■ **Work order**
Transcribe the listing below exactly, leaving out each image.

■ **Collected material**
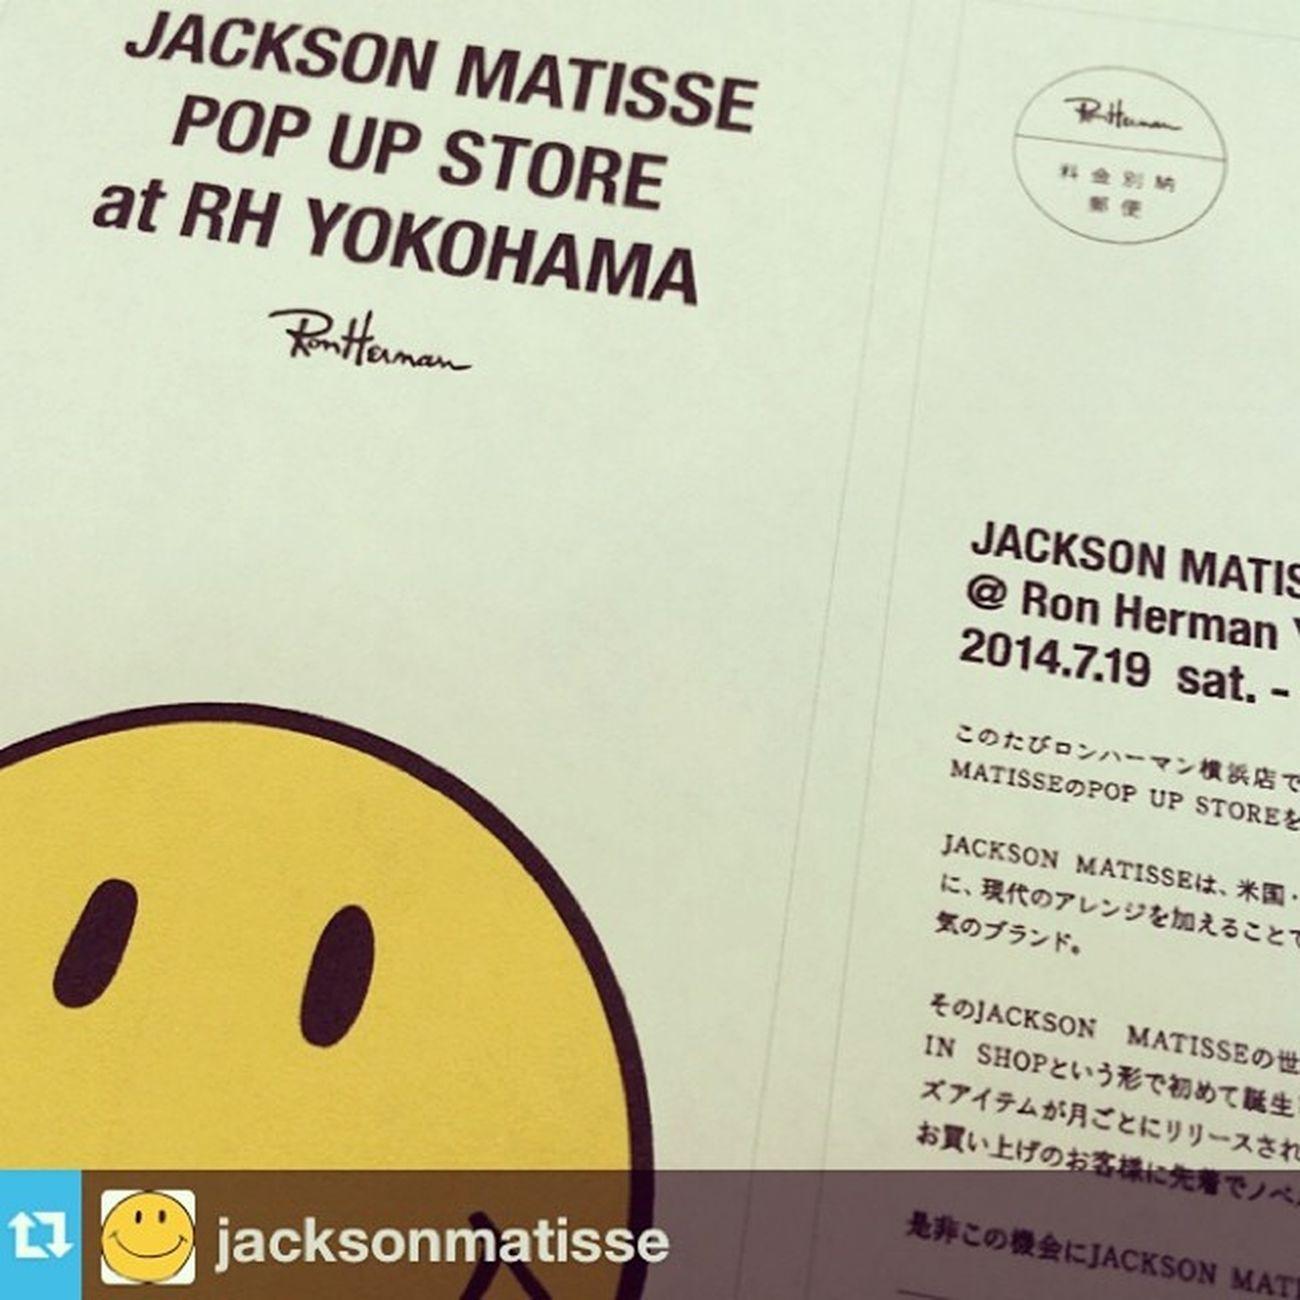 ⋆ ⋆ 楽しみです◡̈⃝ ⋆ #jacksonmatisse#ronherman ⋆ #Repost from jacksonmatisse --- YOKOHAMAに半年間、お邪魔させて頂きます!!
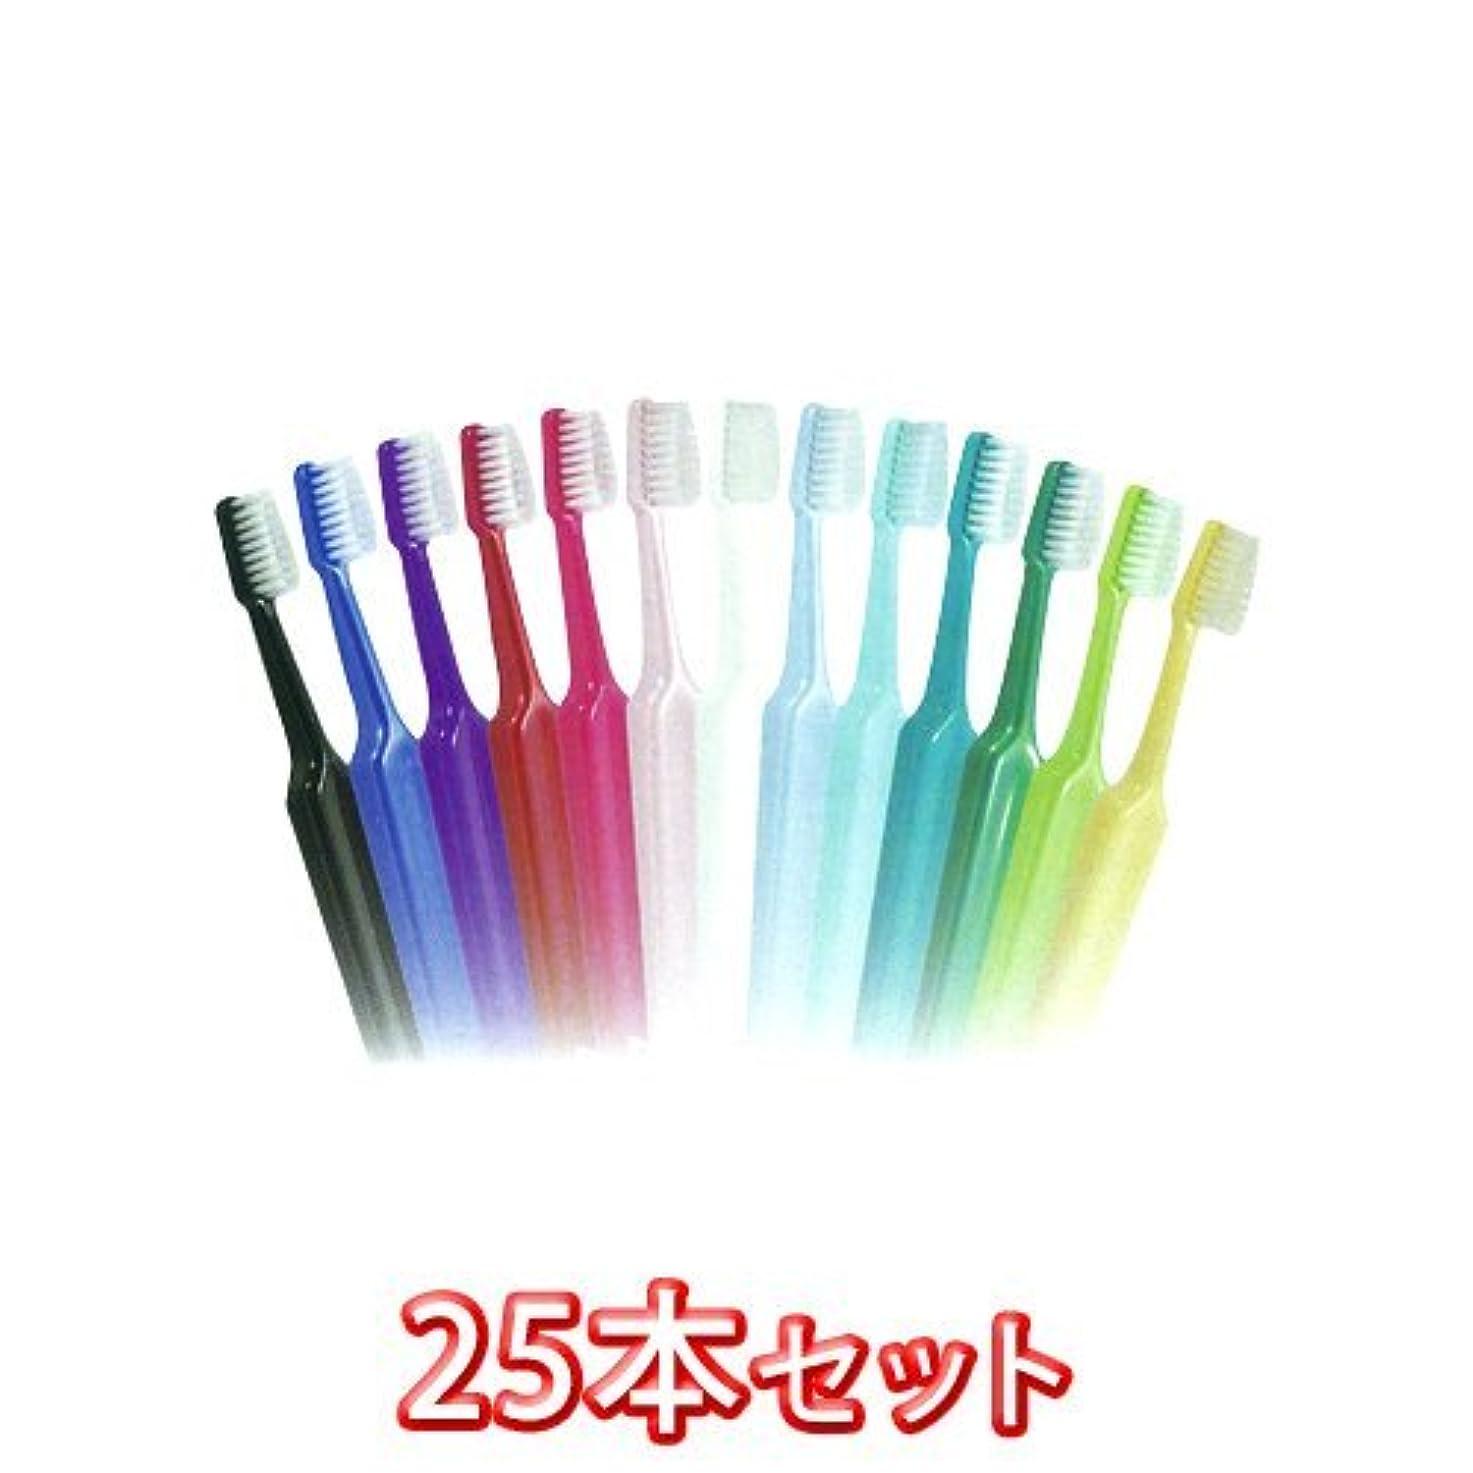 しょっぱい不一致ランドリーTePe セレクトソフト 歯ブラシ 25本入
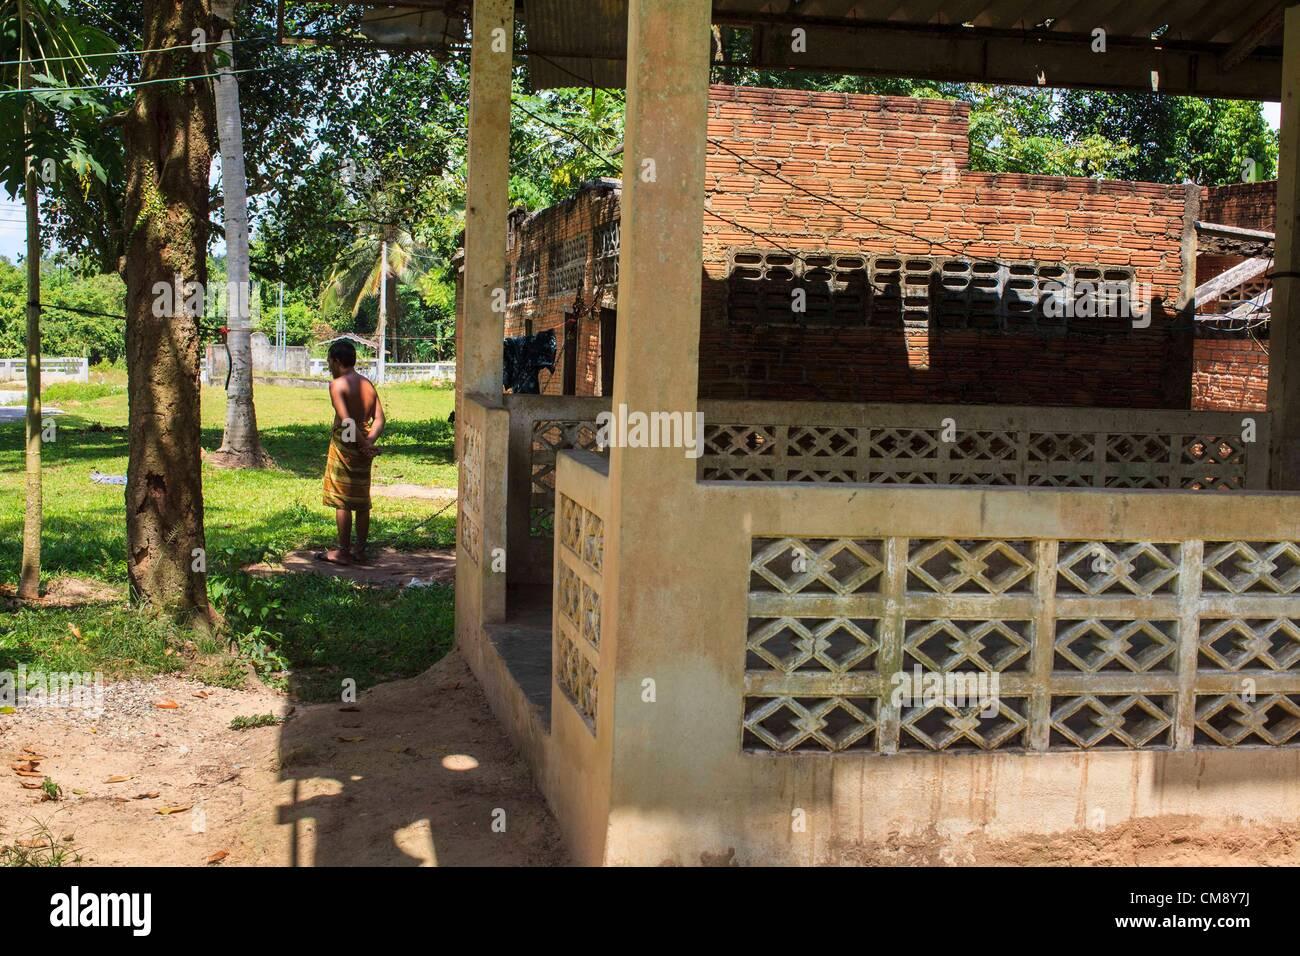 Ottobre 29, 2012 - Mayo, Pattani, Tailandia - un residente si erge al di fuori della sua stanza a Bukit Kong home Immagini Stock

■ **Exercise result**
 ⋆ ⋆ 楽しみです◡̈⃝ ⋆ #jacksonmatisse#ronherman ⋆ #Repost from jacksonmatisse --- YOKOHAMAに半年間、お邪魔させて頂きます!!
 しょっぱい不一致ランドリーTePe セレクトソフト 歯ブラシ 25本入
 Ottobre 29, 2012 - Mayo, Pattani, Tailandia - un residente si erge al di fuori della sua stanza a Bukit Kong home Immagini Stock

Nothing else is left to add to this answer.